If we're going to plot data we need some data to plot. We'll get the pricing data of Apple (AAPL) and Microsoft (MSFT) to use in our examples.

Data Structure

Knowing the structure of your data is very important. Normally you'll have to do a ton work molding your data into the form you need for testing. Quantopian has done a lot of cleaning on the data, but you still need to put it into the right shapes and formats for your purposes.
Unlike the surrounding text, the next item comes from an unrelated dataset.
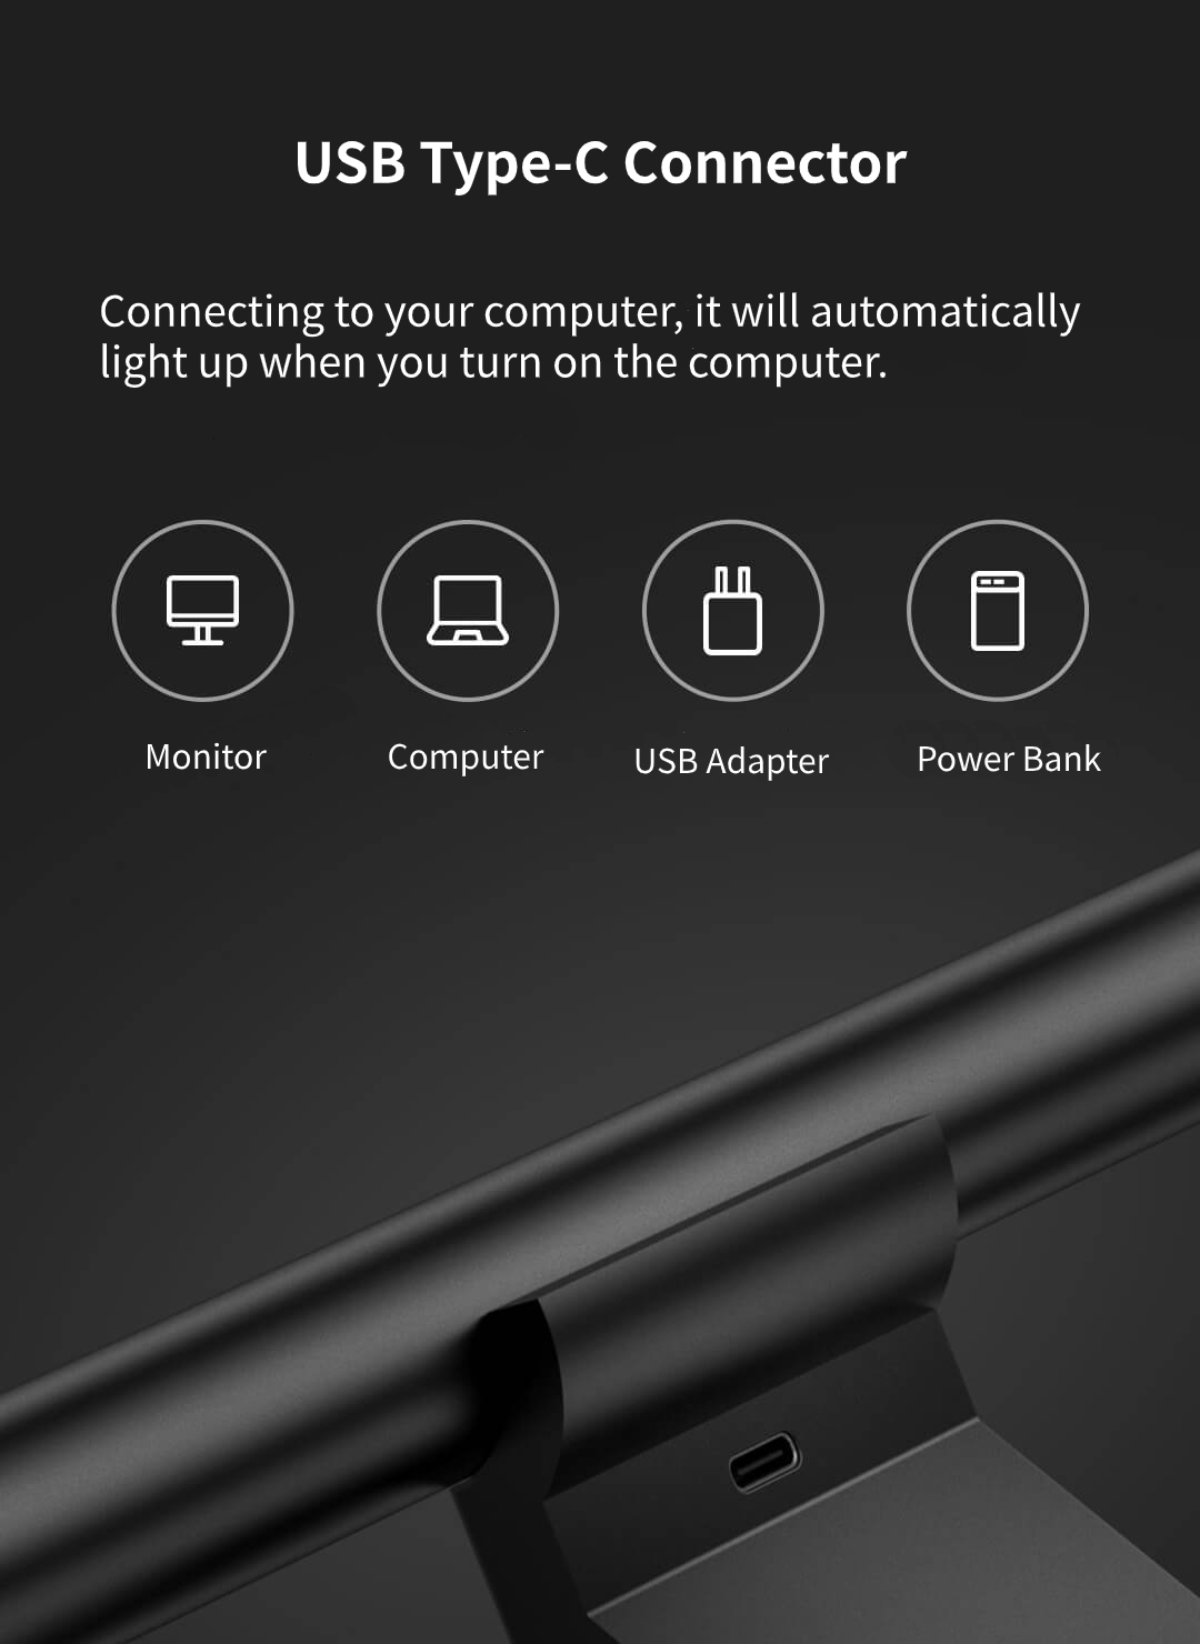 XIAOMI Mi Computer Monitor Light Bar 2.4GHz wireless Remote Control No Screen Reflection Eyes Protection Ra95 USB Lamp Display Hanging Light

In this case the data will be returned as a pandas dataframe object. The rows are timestamps, and the columns are the two assets, AAPL and MSFT.


In [2]:
start = '2014-01-01'
end = '2015-01-01'
data = get_pricing(['AAPL', 'MSFT'], fields='price', start_date=start, end_date=end)
data.head()


Out[2]:
Equity(24 [AAPL]) Equity(5061 [MSFT])
2014-01-02 00:00:00+00:00 79.034 37.145
2014-01-03 00:00:00+00:00 77.284 36.920
2014-01-06 00:00:00+00:00 77.709 36.130
2014-01-07 00:00:00+00:00 77.164 36.403
2014-01-08 00:00:00+00:00 77.626 35.750

Indexing into the data with data['AAPL'] will yield an error because the type of the columns are equity objects and not simple strings. Let's change that using this little piece of Python code. Don't worry about understanding it right now, unless you do, in which case congratulations.


In [3]:
data.columns = [e.symbol for e in data.columns]
data.head()


Out[3]:
AAPL MSFT
2014-01-02 00:00:00+00:00 79.034 37.145
2014-01-03 00:00:00+00:00 77.284 36.920
2014-01-06 00:00:00+00:00 77.709 36.130
2014-01-07 00:00:00+00:00 77.164 36.403
2014-01-08 00:00:00+00:00 77.626 35.750

Much nicer, now we can index. Indexing into the 2D dataframe will give us a 1D series object. The index for the series is timestamps, the value upon index is a price. Similar to an array except instead of integer indecies it's times.


In [4]:
data['MSFT'].head()


Out[4]:
2014-01-02 00:00:00+00:00    37.145
2014-01-03 00:00:00+00:00    36.920
2014-01-06 00:00:00+00:00    36.130
2014-01-07 00:00:00+00:00    36.403
2014-01-08 00:00:00+00:00    35.750
Name: MSFT, dtype: float64

Histogram

A histogram is a visualization of how frequent different values of data are. By displaying a frequency distribution using bars, it lets us quickly see where most of the observations are clustered. The height of each bar represents the number of observations that lie in each interval. You can think of a histogram as an empirical and discrete Propoability Density Function (PDF).


In [5]:
# Plot a histogram using 20 bins
plt.hist(data['MSFT'], bins=20)
plt.xlabel('Price')
plt.ylabel('Number of Days Observed')
plt.title('Frequency Distribution of MSFT Prices, 2014');


Returns Histogram

In finance rarely will we look at the distribution of prices. The reason for this is that prices are non-stationary and move around a lot. For more info on non-stationarity please see this lecture. Instead we will use daily returns. Let's try that now.


In [6]:
# Remove the first element because percent change from nothing to something is NaN
R = data['MSFT'].pct_change()[1:]

# Plot a histogram using 20 bins
plt.hist(R, bins=20)
plt.xlabel('Return')
plt.ylabel('Number of Days Observed')
plt.title('Frequency Distribution of MSFT Returns, 2014');


The graph above shows, for example, that the daily returns of MSFT were above 0.03 on fewer than 5 days in 2014. Note that we are completely discarding the dates corresponding to these returns.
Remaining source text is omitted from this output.